During the marriage, the deceased was however still married to his first wife in terms of customary law. The deceased married the Applicant, however he never got divorced but merely separated from his first wife. The Court found that the deceased’s first marriage was still valid, and the first wife could enjoy patrimonial benefits. It was evident that in July 1994, the deceased married his erstwhile wife. His wife instituted divorce proceedings, and they divorced in March 2020. The Applicant through her counsel argued that the relationship with the deceased existed since November 2017. The Court stated that all the celebrations of the lobolo and the welcoming celebrations were between May 2018 and November 2018, the divorce order from the erstwhile wife was granted after March 2020. The Court further stated that the divorce proceedings only commenced in 2019, while the Applicant and the deceased were already attending pre-marital classes between 2018 and January 2019. The Court established that the life partnership began while the deceased was still married to his erstwhile wife. The court considered the fact that their friends and loved ones accepted them as life partners. However, that did not make their relationship equal to a marriage or life partnership. The regard the deceased’s mother had towards the Applicant, as she averred that they accepted her as their daughter-in-law, could not assist the Applicant either. The divorce decree in March 2020 also did not assist the partners in automatically validating their relationship. In November 2017, the deceased was not competent to conclude any marriage or familial relationships, including the life partnership, as he was still married to his erstwhile wife and the marriage was only dissolved in March 2020.

The Applicant also sought an interim order interdicting the winding up of the deceased’s estate pending the lapsing of the suspension order made in Bwanya. In Setlogelo v Setlogelo 1914 AD 221 at 227, the Court held that It was trite law that one of the requirements for an interim interdict was that the Applicant had to establish prima facie right even if same was open to some doubt.

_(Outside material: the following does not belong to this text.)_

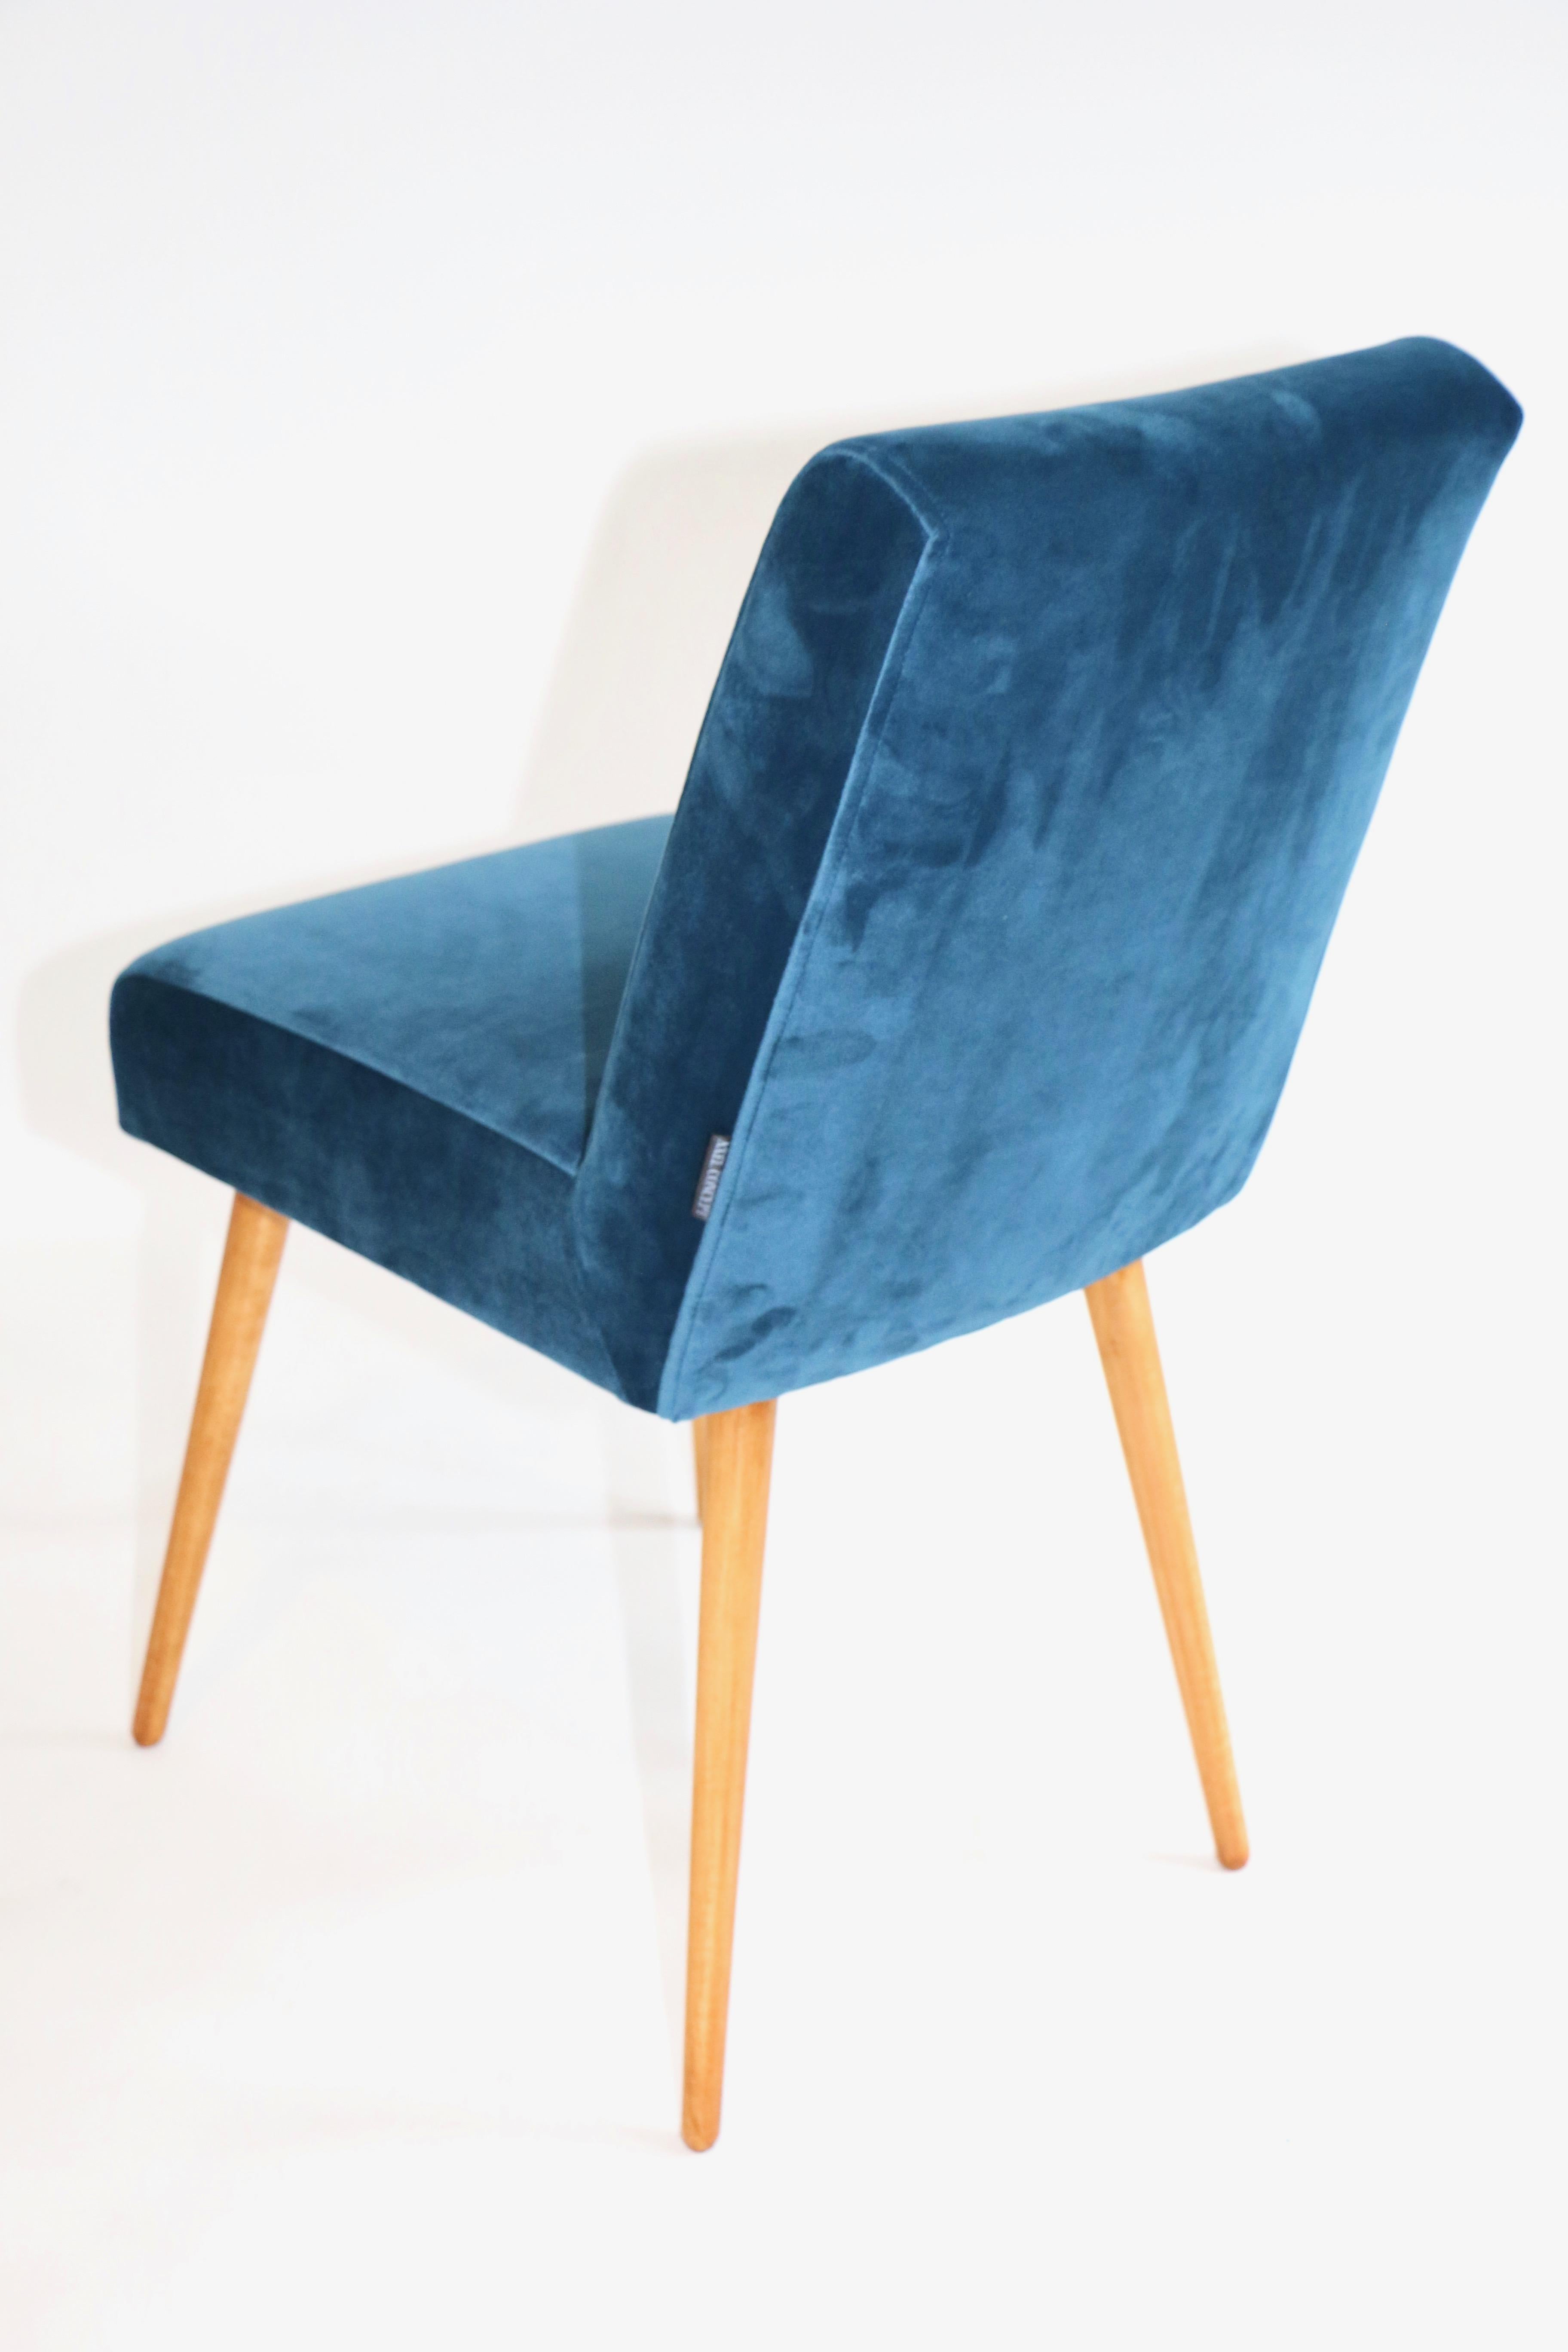 Set of Two Blue Marine Chairs in Velvet For Sale 1

The Court found that the Applicant was not a surviving life partner in a life partnership in which she and the deceased had reciprocal support duties. The Judge agreed with the respondents’ counsel when he stated that the Applicant would lose nothing in terms of the Maintenance of Surviving Spouse Act, 27 of 1990 and the Intestate Succession Spouses Act, 81 of 1987 as she had not been able to establish any prima facie right in relation to the deceased estate emanating from the familial relationship between herself and the deceased. The evidence was solidified in that when the Applicant moved out of the residence she shared with the deceased, she removed some household goods which according to the judge she had no right to do, as she had no claim against the estate, nor did she have the right to inherit from it.

CONCLUSION

The Applicant had requested for the Application to be granted. The Applicant initially brought an Application to court to declare that her relationship with the deceased was a customary marriage, which the application was later withdrawn following legal advice. The Court did not have the impression that the Applicant was malicious nor vindictive in bringing the Application. The Court was of the opinion that there was no justification in awarding costs in favour of the Respondent against the Applicant. The Applicant’s application declaring that she and the deceased where partners in a life partnership was dismissed. The Application for the interim order interdicting the winding up of estate pending the lapsing of the suspension of orders made by the Constitutional Court in Bwanya v Master of the High Court, Cape Town and Others, which orders were suspended for a period not exceeding 18 months from 31 December 2021, was hereby dismissed. The court ordered that the estate of the deceased would bear the application costs.

Please note: Each matter must be dealt with on a case-case basis, and you should consult an attorney before taking any legal action.